My next breath cut with a wheeze, like someone had lowered a heavy load of bricks onto my chest. I could feel whip-like tendrils pushing up around my lungs. I looked down, shaking, to see that the parasite – and the sigil – had had vanished. The ‘legs’ were no longer visible. But I could feel its weight and shape against my ribs… from underneath.
“Fuck. FUCK!” I fought to breathe, pushing the surgical tray back. With shaking hands, I fumbled for gauze and saline. I grabbed the nearest plastic bottle and poured it over the open stomach wound, blind with pain. The smell of pure alcohol stung my nostrils. Fire raged through my nerves in the split second before my eyes rolled back and I passed the hell out.
I woke up struggling for air. The new tightness around my lungs and heart was still there, though the pain had faded to a dull throb. I sat up and coughed weakly, wincing as my lungs expanded within a too-small cage.

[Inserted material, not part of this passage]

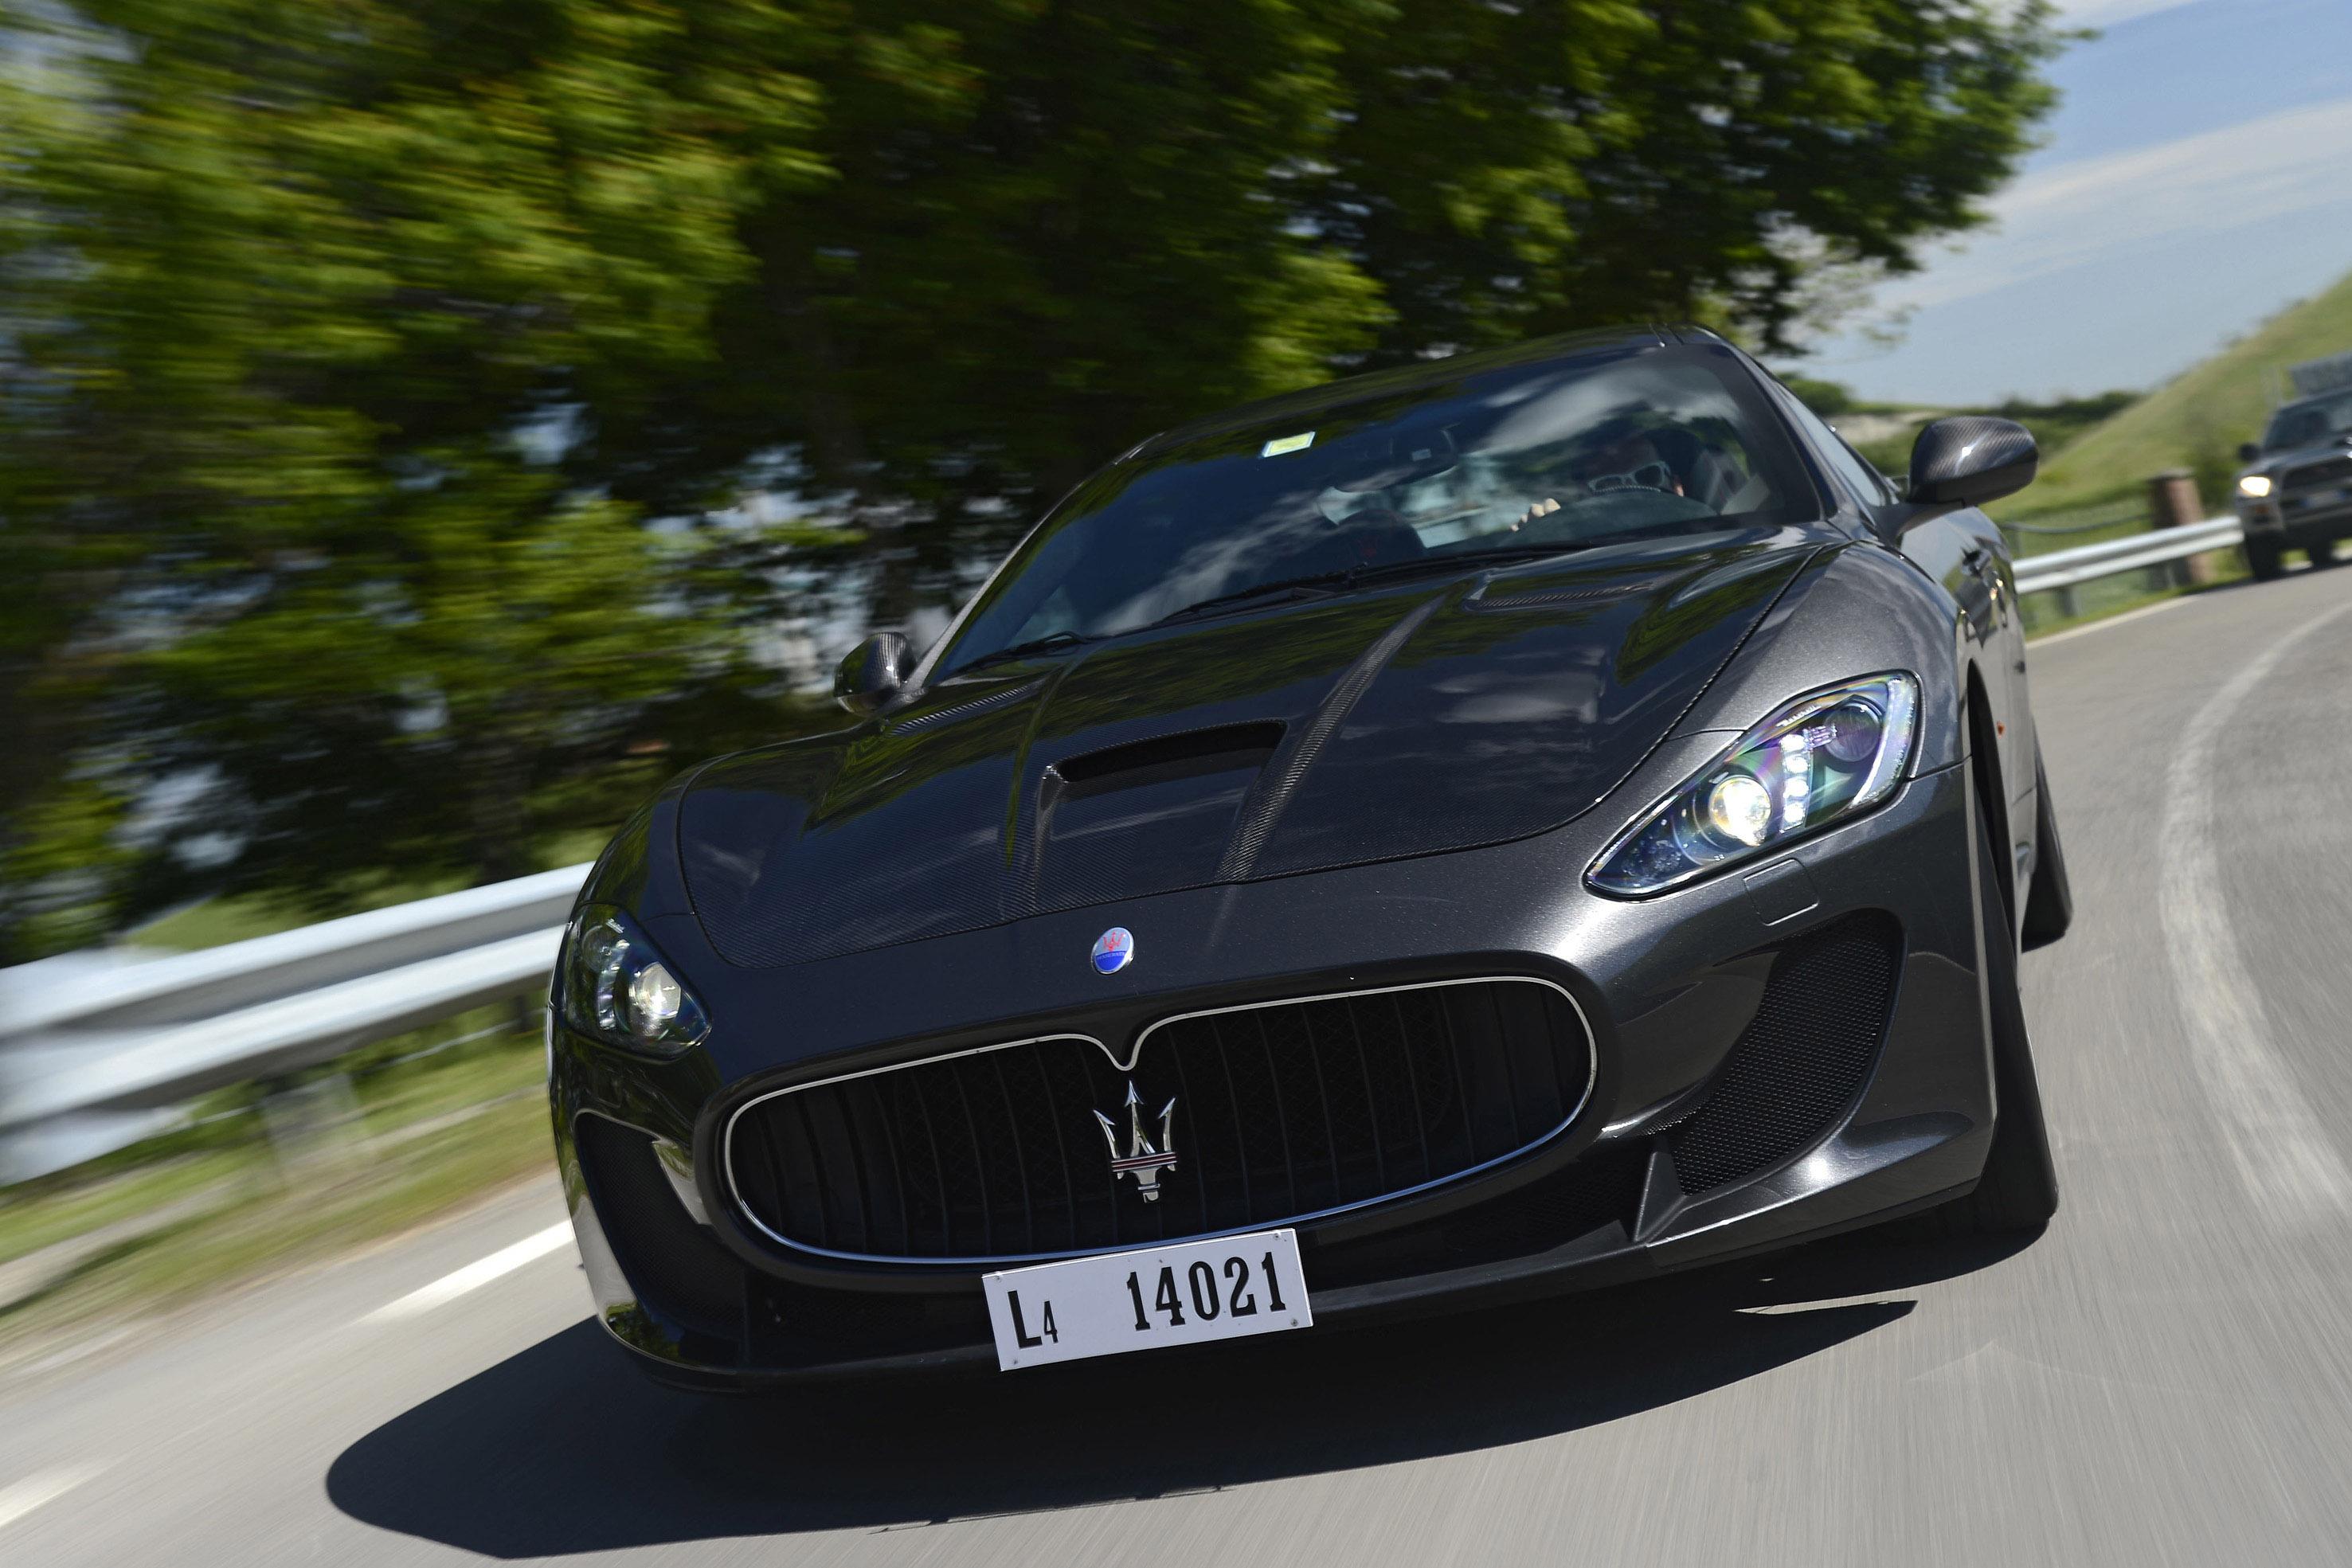 2014 Maserati GranTurismo MC Stradale - HD Pictures ...

It was worse than anything I’d ever felt. It was worse than the upir blood. It was worse than being beaten naked in a bathtub, doused in cold water, and kneecapped. I’d experienced both of those things, I could speak with some authority. This thing , whatever it was, had wrapped my organs in barbed wire, the hooks turned inwards to press against liver, lungs, heart and stomach. It hadn’t been my imagination: the parasite was alive. It was intelligent, and its wordless communication was crystal-fucking clear. “Don’t try that again, punk.”
There was nothing to do except wash the wound, stitch it up, and move on. My trembling anger grew with every tied off piece of nylon. This thing was inside me. Sergei had put something inside my body, and I couldn’t get it out. Not even Jana was able to do that to me. She’d been able to get under my skin, but not in the literal sense. Carmine’s bombastic arrogance had never gotten to me. Compared to Jana, he’d been a carnival side-show villain, a coward and a liar. He hadn’t put anything into me that I hadn’t been able to purge.

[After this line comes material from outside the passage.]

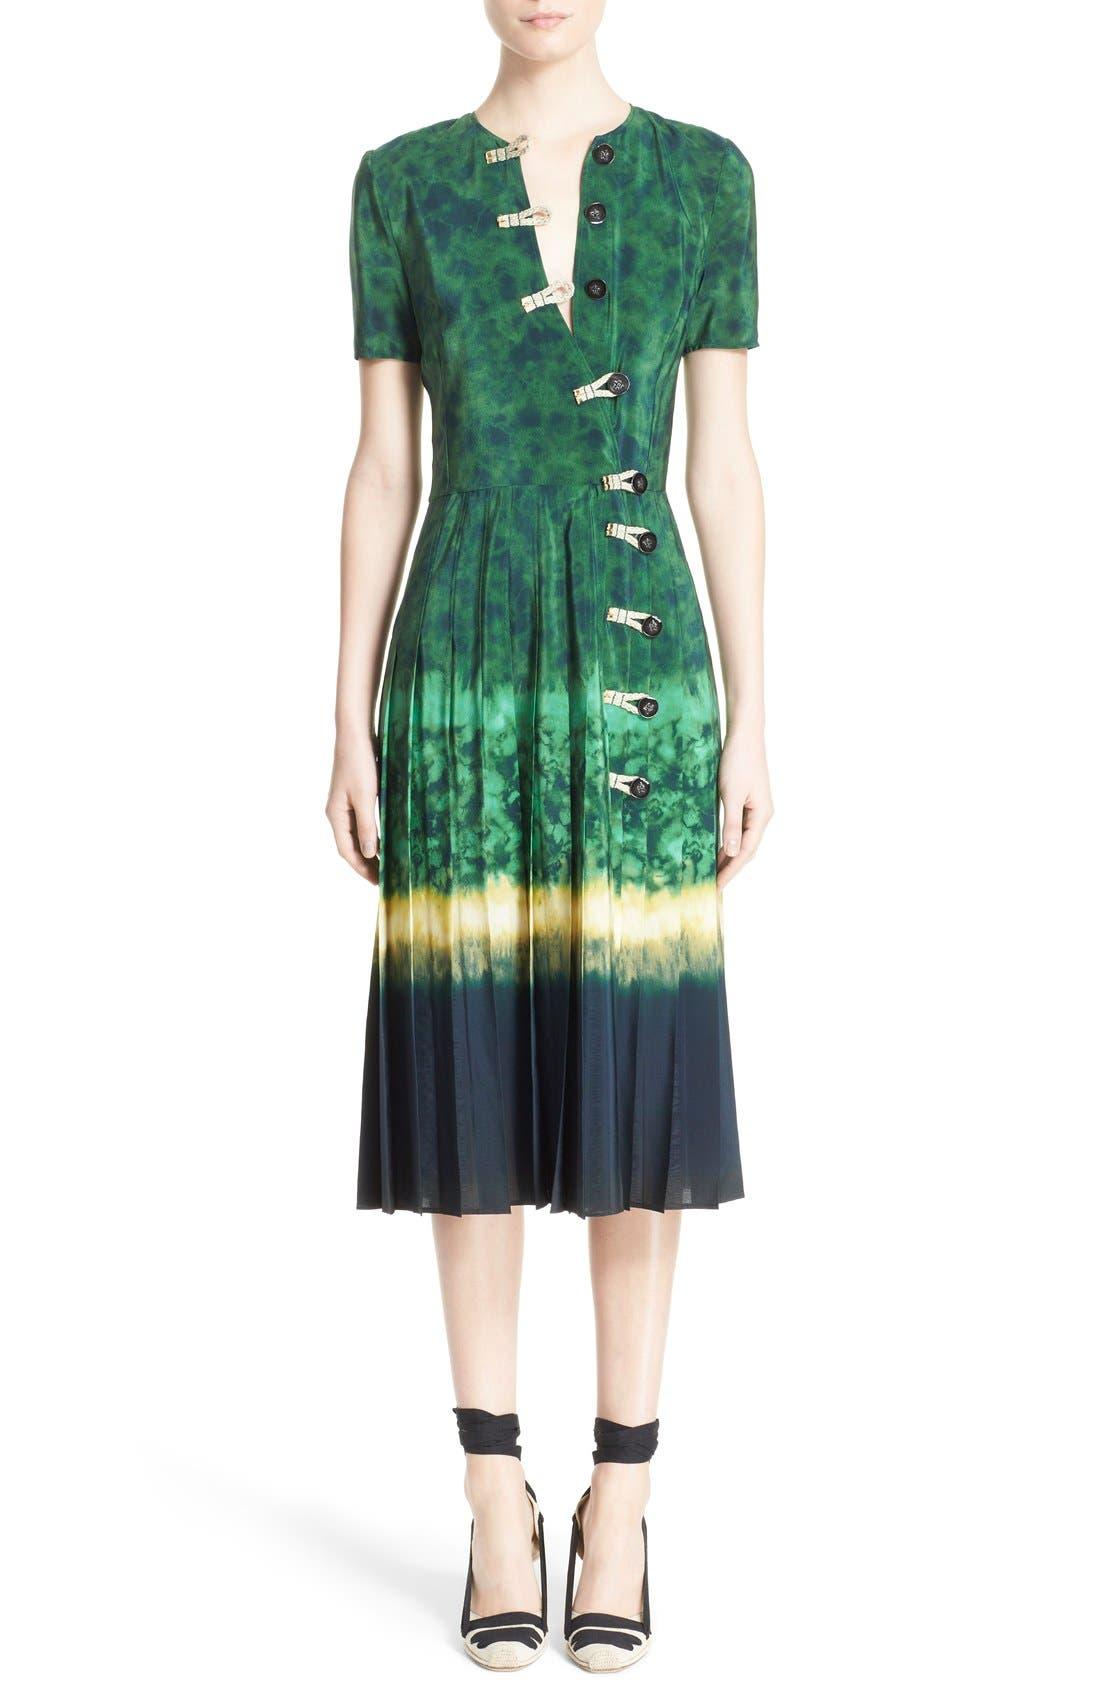 ALTUZARRA, 'Ilari' Rope Closure Dip Dye Dress, Main thumbnail 1, color, 340

I remembered Sergei, smiling while Vera drew his oily orange blood from his dead veins. I remembered her walking towards me, limbs jerking with ancient rigor. A flood of images, bodily sensations, and wordless emotions invaded like poison. Even if I gave up on magic and fled to Europe tonight, I would never be free of Sergei. I would think of him every time I drew breath. Cursing, half-blind with sweat, I pulled the bloody gloves from my hands and plunged them under a stream of icy water, trying to wash the taste of violation from my mouth. It was bitter. Like burned wax.